Final Verdict: Buy Expired Domains or Walk Away?

After running all the checks in this guide, you’ll have enough information to make a clear decision. Here’s a simple framework to help you decide.

SignalBuyWalk Away
Google index checkPages showing in search resultsZero results for an established domain
Safe BrowsingNo unsafe content foundAny malware or phishing flag
Wayback MachineConsistent, legitimate content historySpam, frequent niche changes, or blocked crawler
Backlink profileNatural links from relevant, quality sitesThousands of spammy or manipulated links
Email blacklistsAll green on MXToolboxMultiple red results
WHOIS historyStable, long-term ownershipFrequent ownership changes or suspicious gaps
Google Search ConsoleNo manual actions detectedActive penalty or security issue flagged

If a domain passes every check cleanly, it’s a strong candidate worth pursuing. If it fails two or more checks, the cleanup cost and time will surely outweigh any benefit you’d get from the domain.

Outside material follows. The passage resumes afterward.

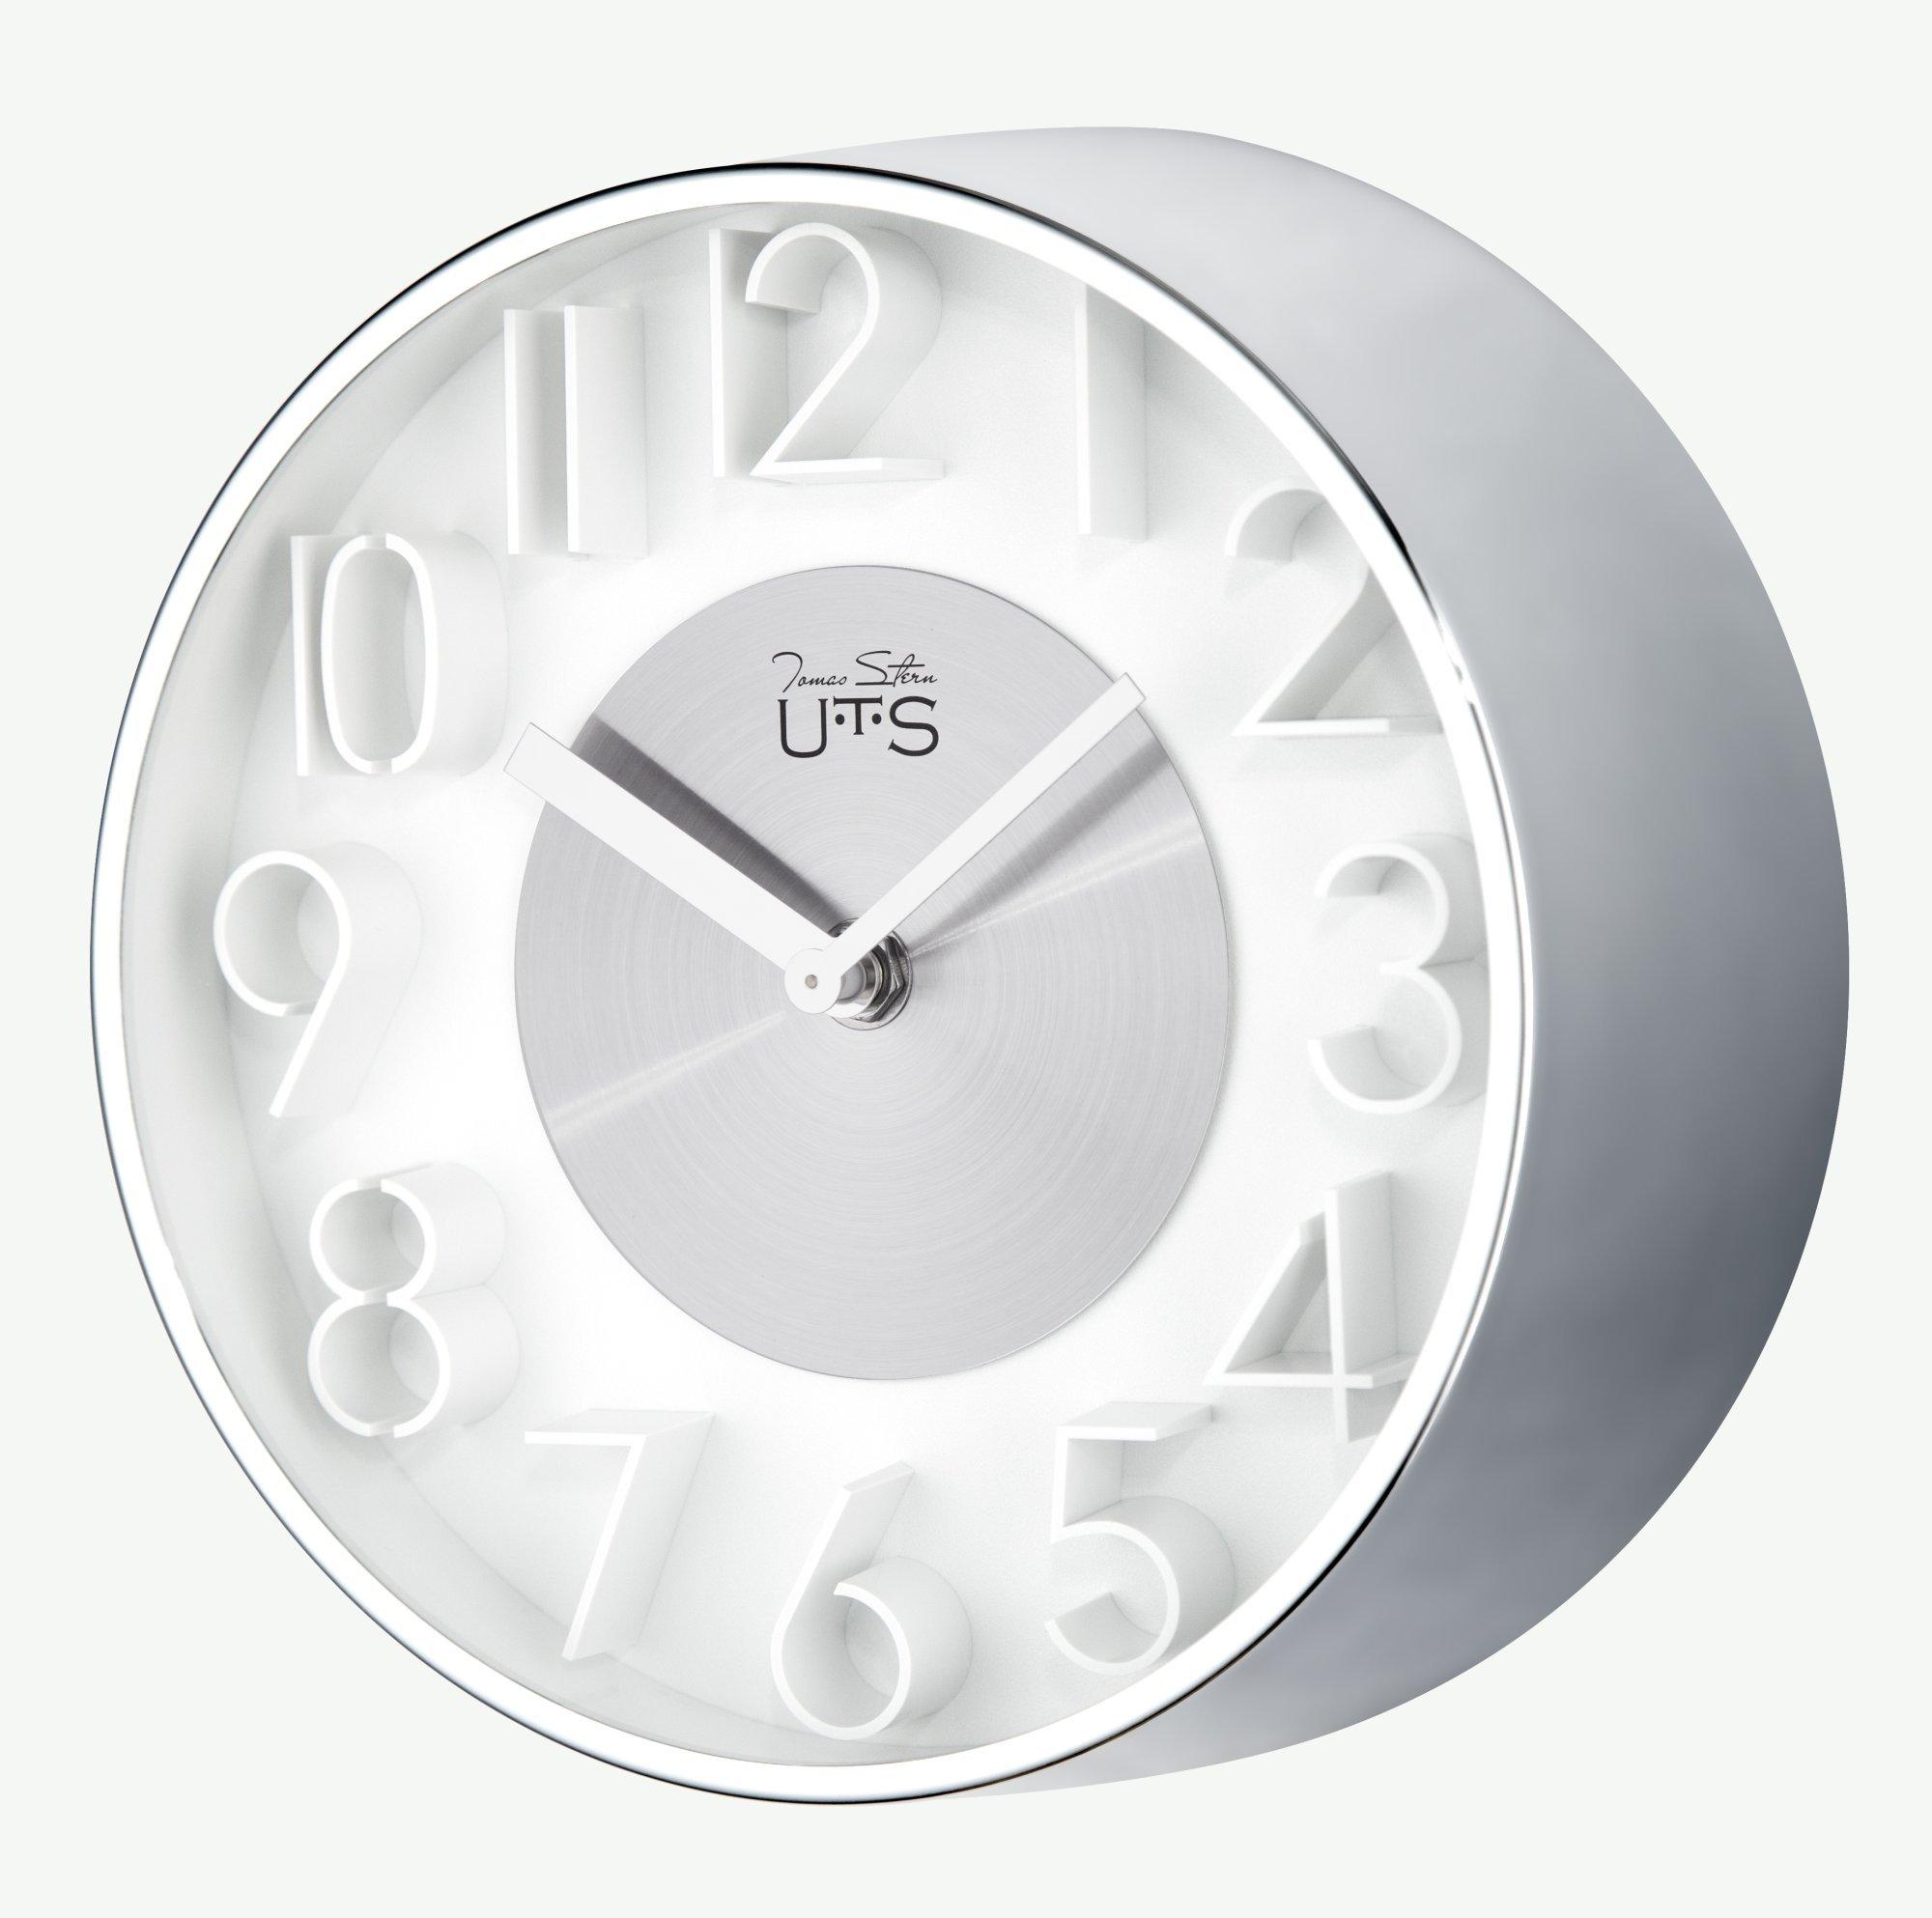 Часы настенные Часы настенные Tomas Stern 4016S chasy-nastennye-tomas-stern-4016s-germaniya.jpg

Now, if most of your expiring domains fail the tests, don’t worry. The best investment strategy involves rejecting 95% of expired domains and only pursuing the genuinely clean, valuable 5%. The universe of expiring domains is quite vast. Another clean domain with similar value will expire tomorrow or next week.

Make sure you check DomCop’s list of expiring and expired domains to find the best option available.

How to Check If Expired Domains Are Blackilisted FAQs

Why do domains get blacklisted?

Domains get blacklisted for spam, malware, phishing, or violating Google’s guidelines.

How do I fix a domain blacklist?

First, identify why it is flagged and then fix the root cause, and submit a delisting or reconsideration request to the relevant blacklist operator.

Why is my IP address on a blacklist?

Either spam activity originated from your IP, or you’re on a shared hosting server where another user engaged in spammy behavior.

How to check if a domain is penalized by Google?

Use the site:domain.com command in Google search. If no results appear, the domain may be banned or deindexed. Try all other steps mentioned above to check if an expired domain is blacklisted.

Can I still buy a penalized domain?

Yes, but you’ll need to clean its backlink profile, remove problematic content, and file a reconsideration request. Recovery is possible but not guaranteed.

Are expired domains bad for SEO?

Not necessarily. A clean expired domain with quality backlinks can be very powerful. The key is avoiding spammy backlinks, toxic anchors, and a messy content history.

How long does it take to recover from a Google penalty?

Depending on the severity, recovery can take anywhere from a few weeks to several months after submitting a reconsideration request and cleaning up the issues.